More fundamentally, Mr. Chairman, TEI is very concerned about the continuing vagueness of many of the Administration’s proposals, and the implication that has for tax administration. To be sure, the Treasury has acknowledged the need to define the term “tax shelter” more objectively, but we question whether the White Paper offers the necessary clarity. Hence, we remain concerned that the proposals will adversely affect the ability of businesses to engage in routine business transactions. Indeed, because the proposals remain largely inchoate, members of Congress — and the taxpayers who will be directly affected by the proposals — cannot know for sure how they will operate. (For example, the White Paper refers to “book-tax” differences, but it is unclear what is precisely meant by the term.) Ideally, legislative language should be drafted, released, and appropriately vetted by all interested parties before action is taken. Although the budget process often does not permit a studied review of statutory language, in an area as important as this one it would be a mistake to say “ready, fire, aim.”
TEI has established a task force to study the White Paper, but regrettably its work cannot be completed in time for the Committee’s mark-up, which the Budget Resolution requires be completed by June 16. Given the delayed re]ease of the Treasury’s paper, we suggest that other interested parties find themselves in similar positions. Accordingly, the Institute urges the Committee on Ways and Means not to rush to judgment concerning the Administration’s proposals. Rather, the Committee should defer action on the Administration’s proposals until interested parties have an opportunity to analyze the White Paper, as well as the Joint Committee on Taxation’s still-to-be-released Interest and Penalty Study, even if this means that no legislative action can be taken this summer. Put bluntly, Congress should focus on doing the right thing, rather than doing something now.

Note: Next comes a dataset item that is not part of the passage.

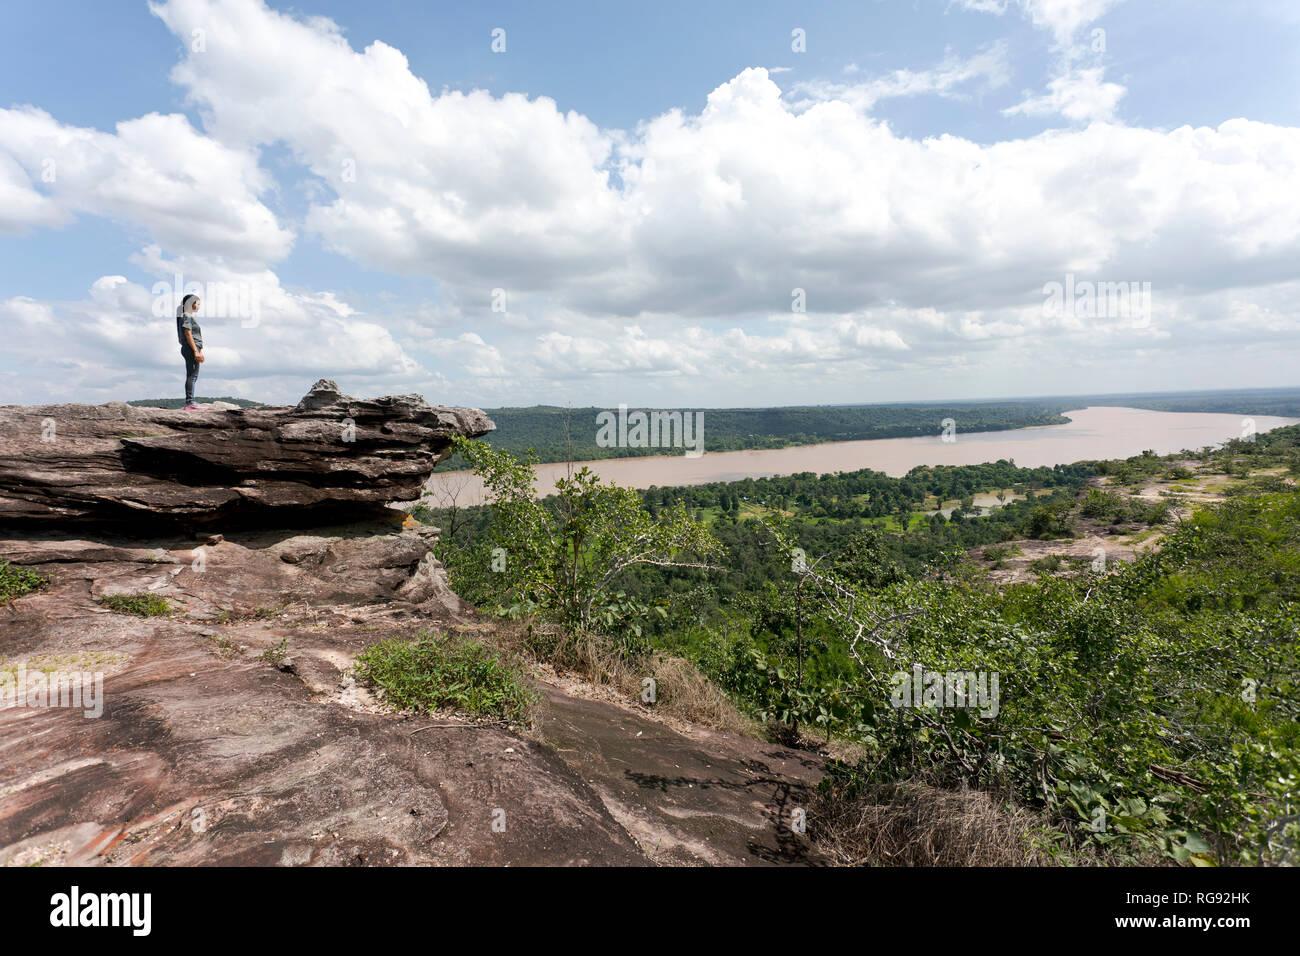 Thailand, Ubon Ratchathani Province, Pha Taem National Park, Woman looking to Mekong river, border to Laos - Stock Image

Finally, we emphasize that we do not believe a decision to defer action on the Treasury’s proposals means that action to staunch abusive tax shelters activities must be held in abeyance. TEI has previously testified that the Treasury and IRS have significant tools with which to address tax shelter activities, and we recommend that Congress instruct that these tools be fully utilized. In addition, we recommend that Congress instruct the Treasury Department to proceed with the issuance of regulations under the tax shelter provisions enacted in 1997. These measured steps will send a powerful message while affording Congress reasonable time to gauge the efficacy of the proposals in the White Paper.